Mr Major argued that even though it was "passionately believed" on advice that BSE posed no threat to human life, more than 30 pieces of legislation had been passed to protect against the spread of the disease. He said BSE had been "an appallingly difficult" problem to deal with for the previous and present governments.

Douglas Hogg, who was Minister of Agriculture from 1995 to 1997, said he was "deeply sorry" both for the victims of variant Creutzfeldt-Jakob disease (vCJD) and their families, and the farmers who had suffered "deep loss". He welcomed findings in the report that he had made and implemented the "right" policies when he was minister, which still formed the basis of today's policy.

Judy Mallaber, Labour MP for Amber Valley, was one of several MPs who spoke of constituents who had been victims of vCJD. She said a failure to learn fully all the lessons about removing the "culture of secrecy" would be a "betrayal" of victims' families.

Tim Yeo, the Tory agriculture spokesman, admitted that mistakes had been made, some of which had tragic consequences: "I accept the criticisms made in the report," he said.
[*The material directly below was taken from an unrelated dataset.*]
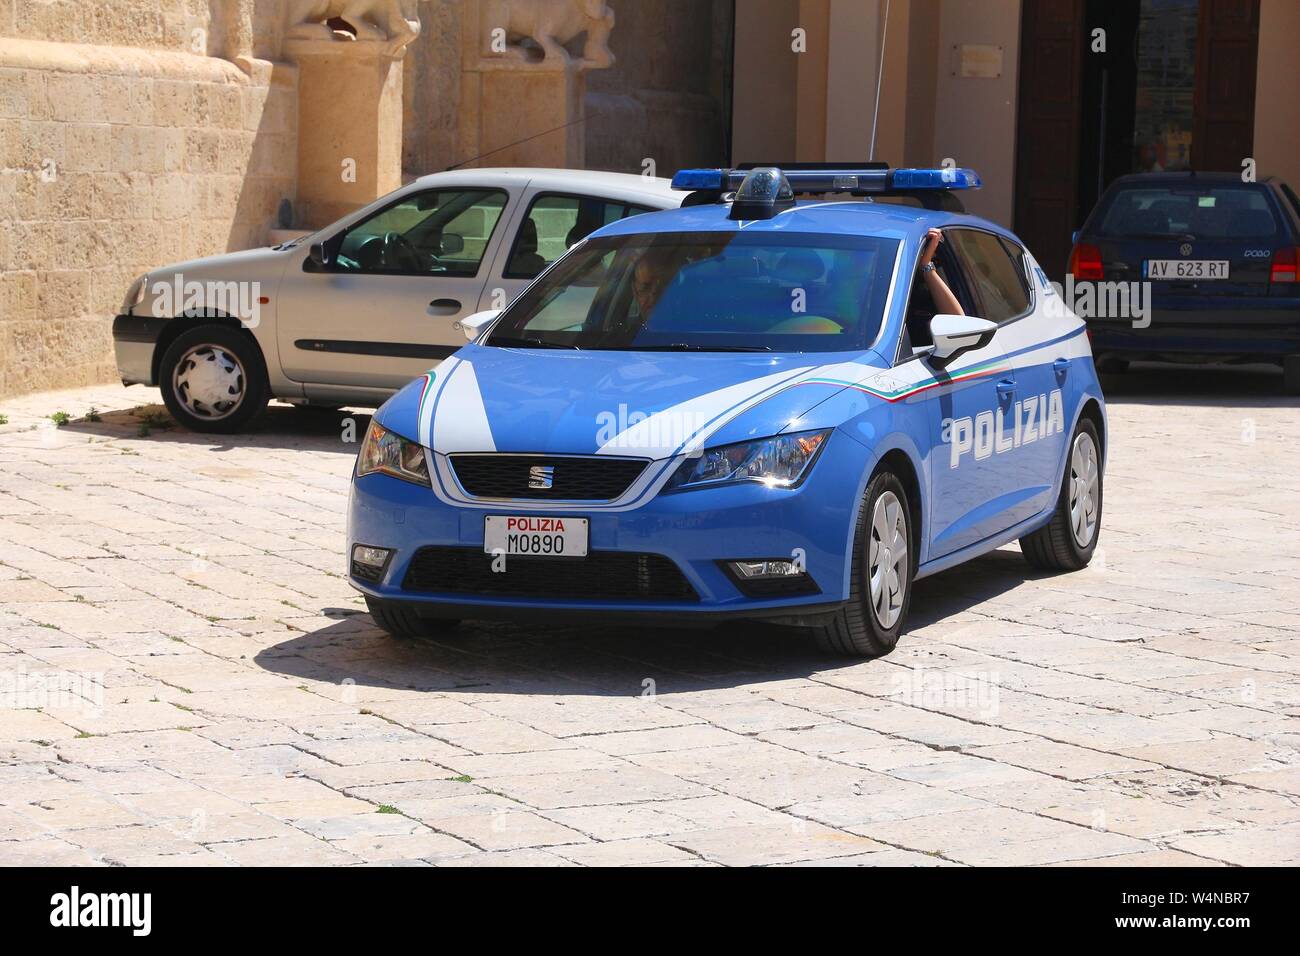 MATERA, ITALY - JUNE 4, 2017: Police car in Matera, Italy. The car is Seat Ibiza. Stock Photo

Mr Yeo apologised to sufferers and their families, saying: "I am truly sorry for what has happened and I apologise to the families who have suffered bereavement and for those people who are still fighting a terrible illness.

"Our task now is to find ways of minimising and alleviating the suffering and distress of victims of variant CJD and of their families."

Tom Clarke, the Labour MP for Coatbridge and Chryston, said the mother of his late constituent Donnamarie McGivern, who died of vCJD aged 17 last year, welcomed the Government's thinking on compensation and care packages and openness that would benefit future victims. "[The mother] took the view, as I do, that it remains very, very important, in implementing these responses, that families should still continue to be consulted and involved," he said.

Ms Mallaber also welcomed the compensation packages, saying she was glad families would not have to "struggle through the courts" for them.